Edith Potters wissenschaftlicher Schwerpunkt wurde maßgeblich von Herman Bundeson beeinflusst, dem damaligen Leiter des Gesundheitsamtes in Chicago. Dieser verschrieb sich der Senkung der Kindersterblichkeit in der Stadt, sodass von nun an kaum ein verstorbenes Neugeborenes ohne Obduktion beerdigt werden durfte. Dies führte dazu, dass Potter in ihrer 33-jährigen Karriere in Chicago über 10.000 solcher Obduktionen durchführte und sich somit eine weitreichende Expertise auf dem Gebiet der pädriatischen Pathologie erarbeitete. 1953 veröffentlichte sie erstmals das Standardwerk Pathology of the fetus and newborn, das in späteren Auflagen ''Potter's Pathology of the Fetus, Infant and Child'' hieß und bis heute aufgelegt wird (letztmals 2007). Ein weiteres größeres Forschungsfeld Potters war die Hämolyse bei Rhesus-Inkompatibilität.

Eine besondere Entdeckung machte Potter, als sie Auffälligkeiten bei 20 obduzierten Neugeborenen mit bilateraler Nieren-Agenesie (beidseitigem Fehlen der Nieren) feststellte. Alle Kinder wiesen zusätzlich eine Hypoplasie (Unterentwicklung) der Lunge sowie Fehlbildungen an Extremitäten und Gesicht auf, wobei letztere besonders markant waren und fortan als Potter-Facies bezeichnet wurden: Mikrogenie, Hypertelorismus, Epikanthus medialis und fehlende Knorpelsubstanz der Ohrmuschel. Der gesamte Syndromkomplex wurde als Potter-Syndrom oder renale Dysplasie bezeichnet, wobei sich erst später herausstellte, dass alle Eigenschaften auf eine verminderte Produktion von Fruchtwasser zurückzuführen sind. Infolgedessen spricht man heute von der Potter-Sequenz oder auch der Oligohydramnion-Sequenz.

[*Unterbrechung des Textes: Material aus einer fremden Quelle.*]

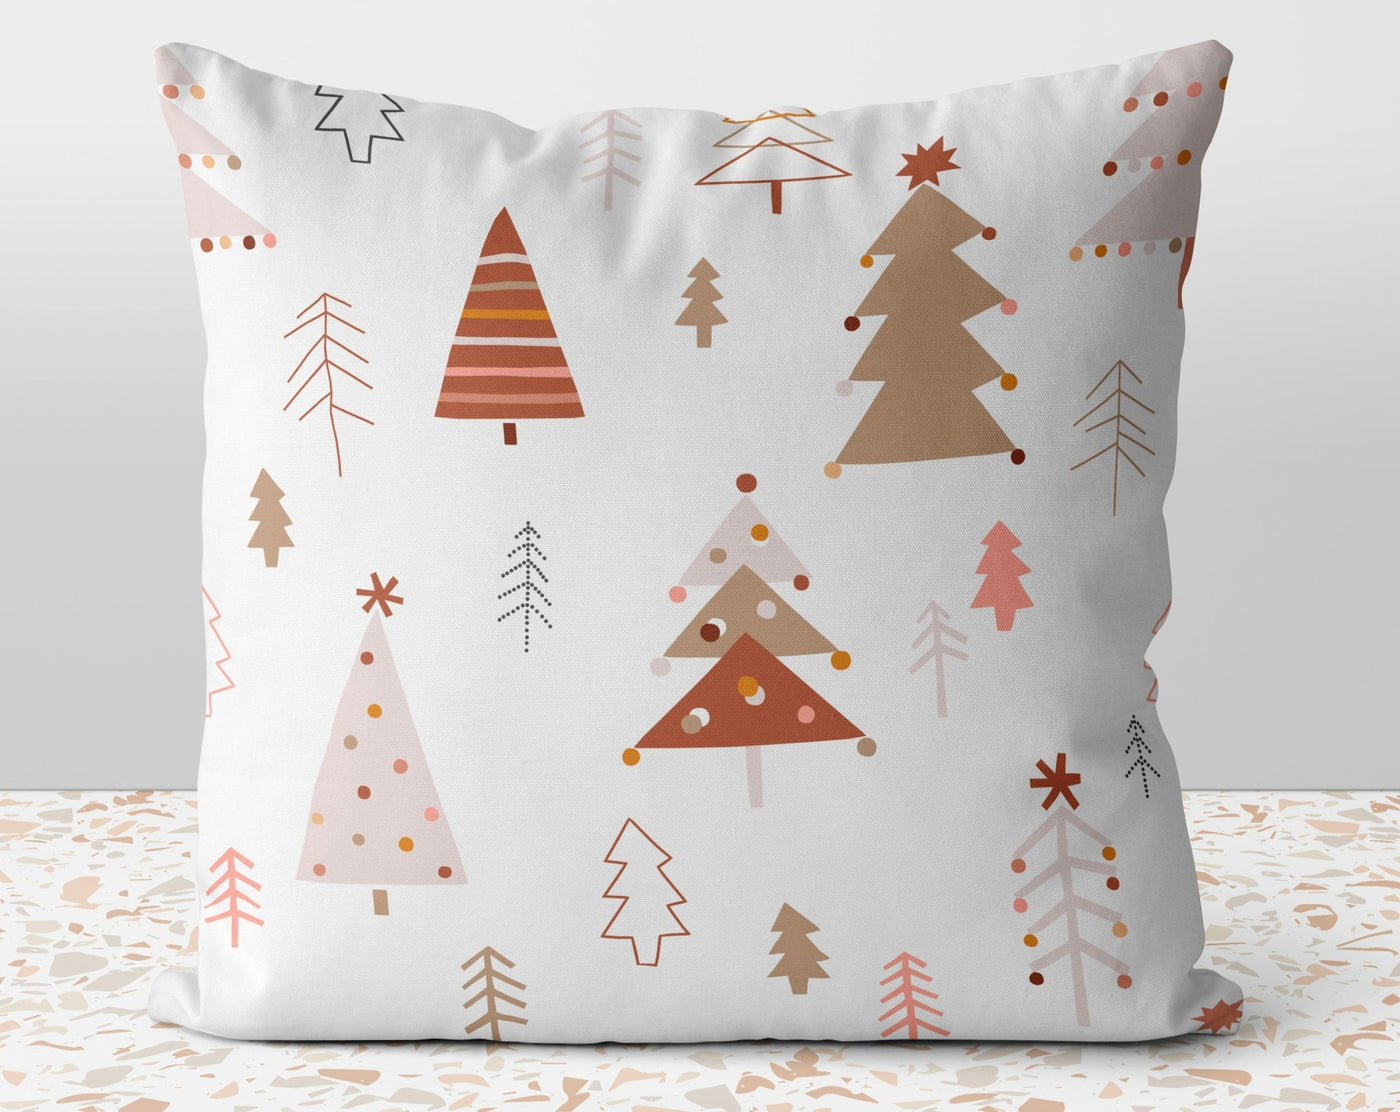 Christmas Happy Holidays Festive Trees Pillow Throw Cover with Insert - Cush Potato Pillows

Insgesamt veröffentliche die Amerikanerin sechs Bücher sowie 140 wissenschaftliche Artikel.

Ehrungen

Edith Potter erhielt Ehrendoktorwürden der University of Pennsylvania, der University of South Florida, an der seit 1988 eine jährliche Edith-Potter-Vorlesung gehalten wird, sowie der Universidade de São Paulo, an der sie 1949 als Gastprofessorin tätig war. Ihre Leistungen wurden unter anderem von der American Gynecological Society, der National Association for Retarded Children (heute Arc of the United States) und der University of Minnesota gewürdigt. Ferner war sie Ehrenmitglied der Society for Pediatric Pathology und wurde 1983 in die Hall of Fame des American Congress of Obstetricians and Gynecologists aufgenommen.

Persönliches

Edith Potter heiratete am 17. Juni 1944 (nach anderen Quellen bereits 1943) Alvin Meyer, der eine Tochter mit in die Ehe brachte. Meyer verstarb 1976, in dessen Folge sie Frank Deats, einen Freund der Familie, ehelichte, allerdings bereits 1983 erneut verwitwet wurde.